Hi,

My question is a little bit complicated. Please bear with me for a moment. Suppose that we have a RNN structure for three input sequences (many-to-many).

The formula we calculate the gradients (\partial L / \partial W_{s}) are:

\dfrac{\partial L}{\partial W_{s}} = \dfrac{\partial L^{<3>}}{\partial y^{<3>}} \dfrac{\partial y^{<3>}}{\partial s^{<3>}} \dfrac{\partial s^{<3>}}{\partial W_s} + \dfrac{\partial L^{<3>}}{\partial y^{<3>}} \dfrac{\partial y^{<3>}}{\partial s^{<3>}} \dfrac{\partial s^{<3>}}{\partial s^{<2>}} \dfrac{\partial s^{<2>}}{\partial W_s} + \dfrac{\partial L^{<3>}}{\partial y^{<3>}} \dfrac{\partial y^{<3>}}{\partial s^{<3>}} \dfrac{\partial s^{<3>}}{\partial s^{<2>}} \dfrac{\partial s^{<2>}}{\partial s^{<1>}} \dfrac{\partial s^{<1>}}{\partial W_s} \\ + \dfrac{\partial L^{<2>}}{\partial y^{<2>}} \dfrac{\partial y^{<2>}}{\partial s^{<2>}} \dfrac{\partial s^{<2>}}{\partial W_s} + \dfrac{\partial L^{<2>}}{\partial y^{<2>}} \dfrac{\partial y^{<2>}}{\partial s^{<2>}} \dfrac{\partial s^{<2>}}{\partial s^{<1>}} \dfrac{\partial s^{<1>}}{\partial W_s} \\ + \dfrac{\partial L^{<1>}}{\partial y^{<1>}} \dfrac{\partial y^{<1>}}{\partial s^{<1>}} \dfrac{\partial s^{<1>}}{\partial W_s}

Similar formula can be applied when calculation \partial L / \partial W_x:

\dfrac{\partial L}{\partial W_{x}} = \dfrac{\partial L^{<3>}}{\partial y^{<3>}} \dfrac{\partial y^{<3>}}{\partial s^{<3>}} \dfrac{\partial s^{<3>}}{\partial W_x} + \dfrac{\partial L^{<3>}}{\partial y^{<3>}} \dfrac{\partial y^{<3>}}{\partial s^{<3>}} \dfrac{\partial s^{<3>}}{\partial s^{<2>}} \dfrac{\partial s^{<2>}}{\partial W_x} + \dfrac{\partial L^{<3>}}{\partial y^{<3>}} \dfrac{\partial y^{<3>}}{\partial s^{<3>}} \dfrac{\partial s^{<3>}}{\partial s^{<2>}} \dfrac{\partial s^{<2>}}{\partial s^{<1>}} \dfrac{\partial s^{<1>}}{\partial W_x} \\ + \dfrac{\partial L^{<2>}}{\partial y^{<2>}} \dfrac{\partial y^{<2>}}{\partial s^{<2>}} \dfrac{\partial s^{<2>}}{\partial W_x} + \dfrac{\partial L^{<2>}}{\partial y^{<2>}} \dfrac{\partial y^{<2>}}{\partial s^{<2>}} \dfrac{\partial s^{<2>}}{\partial s^{<1>}} \dfrac{\partial s^{<1>}}{\partial W_x} \\ + \dfrac{\partial L^{<1>}}{\partial y^{<1>}} \dfrac{\partial y^{<1>}}{\partial s^{<1>}} \dfrac{\partial s^{<1>}}{\partial W_x}

When vanishing gradient is taught, it is said that the effect of gradient becomes negligible for earlier time steps. That sounds reasonable when we are computing the third term in the first lines of equations above. To be clear about it, I am going to write that term again below.

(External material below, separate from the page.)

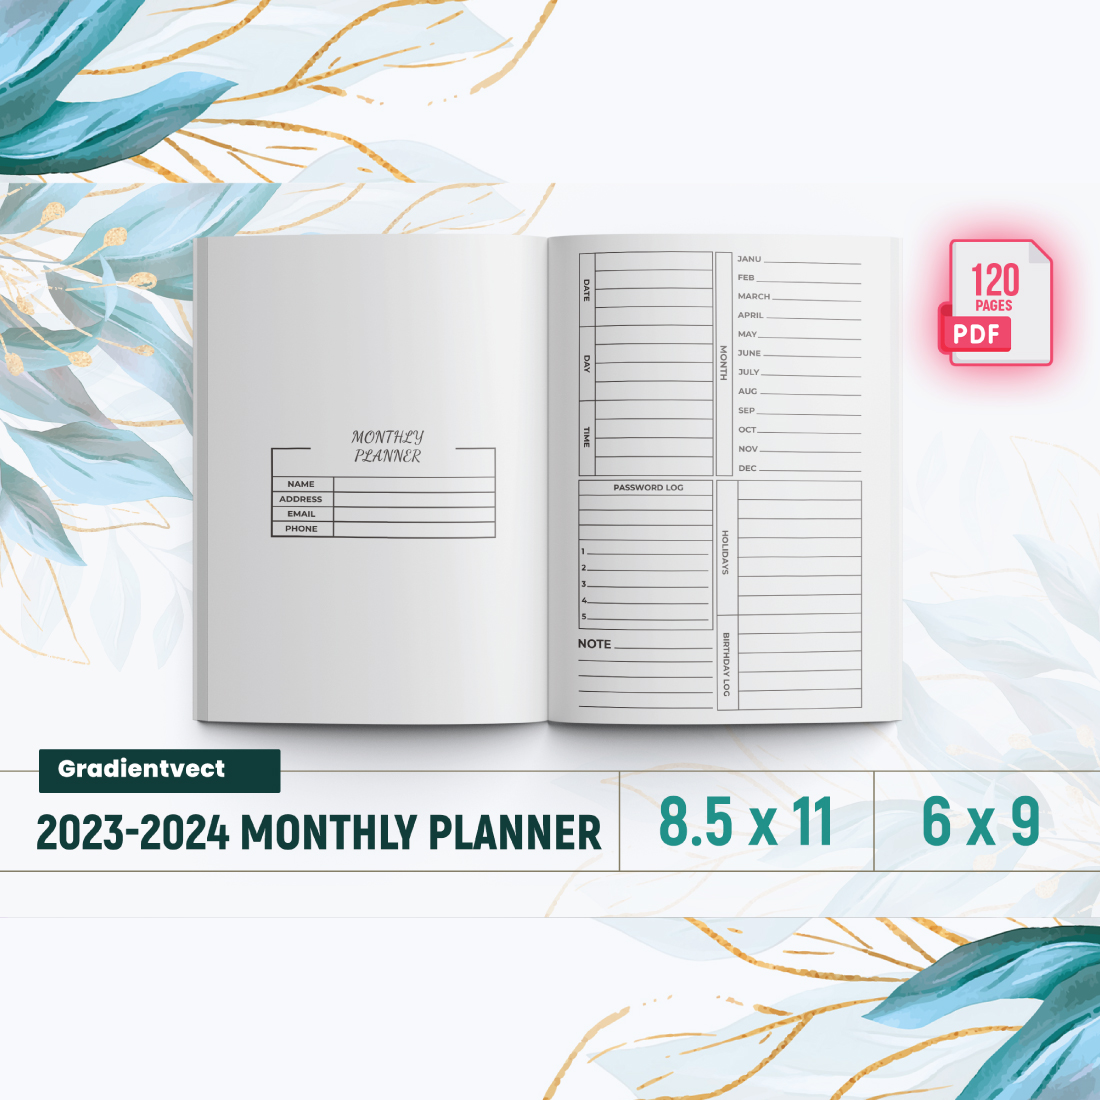 2023-2024 Monthly Planner KDP Interior Design.

\dfrac{\partial L^{<3>}}{\partial y^{<3>}} \dfrac{\partial y^{<3>}}{\partial s^{<3>}} \dfrac{\partial s^{<3>}}{\partial s^{<2>}} \dfrac{\partial s^{<2>}}{\partial s^{<1>}} \dfrac{\partial s^{<1>}}{\partial W_s} \\ \dfrac{\partial L^{<3>}}{\partial y^{<3>}} \dfrac{\partial y^{<3>}}{\partial s^{<3>}} \dfrac{\partial s^{<3>}}{\partial s^{<2>}} \dfrac{\partial s^{<2>}}{\partial s^{<1>}} \dfrac{\partial s^{<1>}}{\partial W_x}

1-Taking into consideration that these gradients are not only comprised of long-chained derivatives but also one-time chained or two-times chained derivatives, how does vanishing gradient affect the total gradients?

2-Even though long-chained terms are close to zero, we still have one-time chained or two-times chained derivatives. Those should not be vanished right? Since we take the sum all these terms, how come does overall gradient vanish?

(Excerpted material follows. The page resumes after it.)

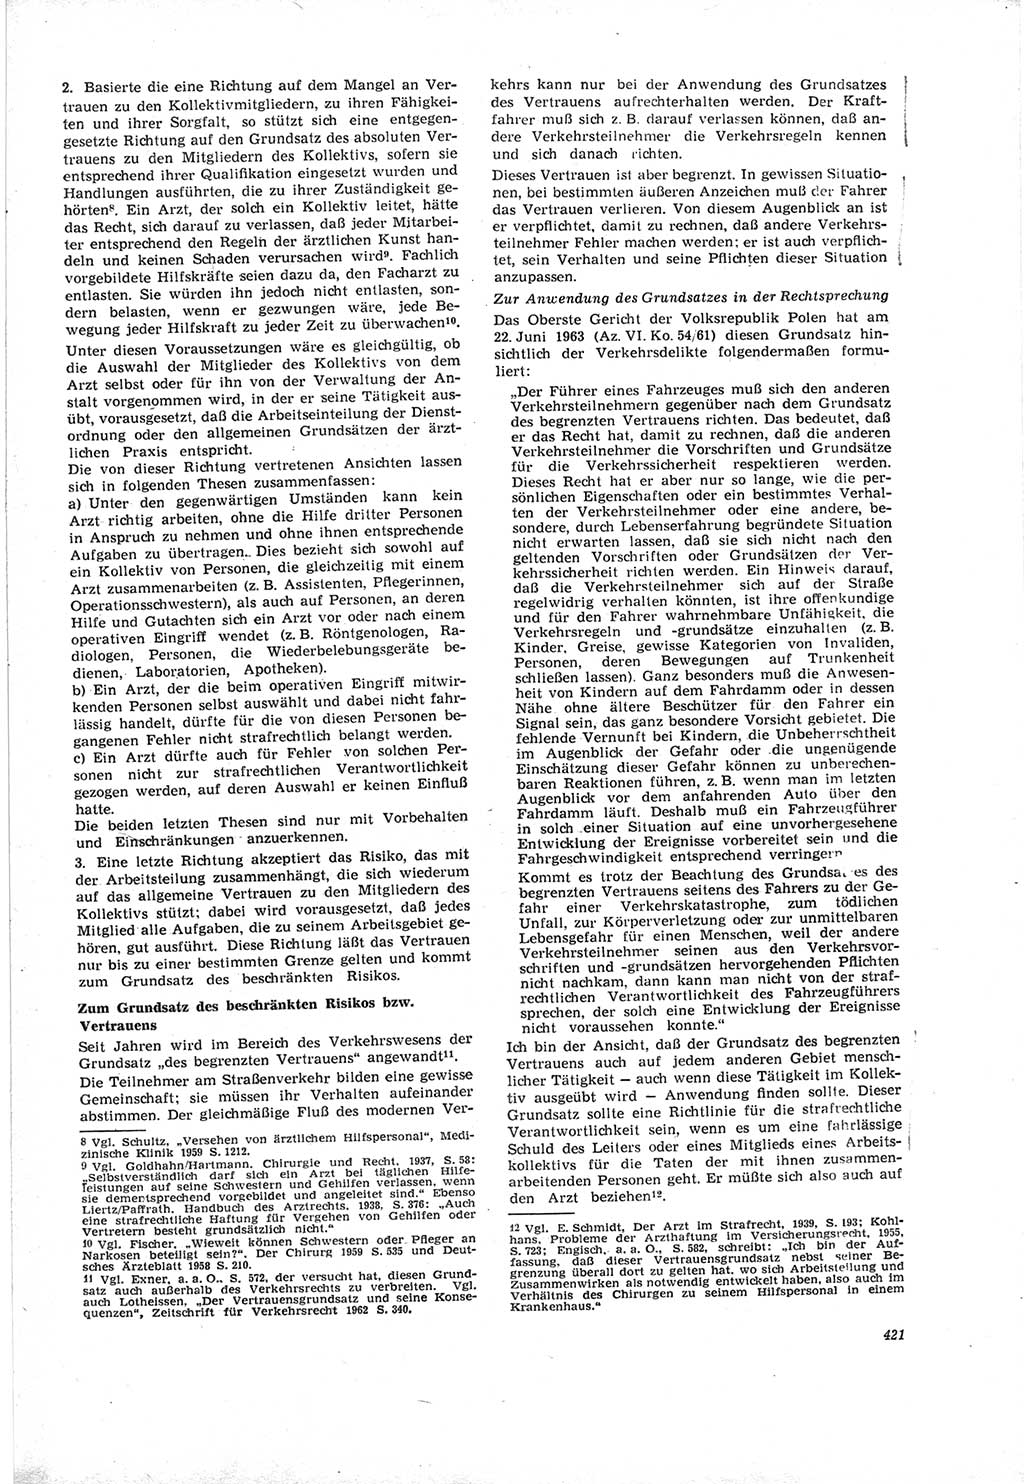 Neue Justiz (NJ), Zeitschrift für Recht und Rechtswissenschaft [Deutsche Demokratische Republik (DDR)], 19. Jahrgang 1965, Seite 421 (NJ DDR 1965, S. 421)

3-How about we have many-to-one structure or different RNN structure?

4-What role does parameter sharing play for this particular problem?

Thanks!

PS: I got the image from geeksforgeeks. The model prediction for the second time step should be Y_2 not Y_3. Also, I chose the RNN model with three time step for simplicity. My question can be extended to the higher time steps.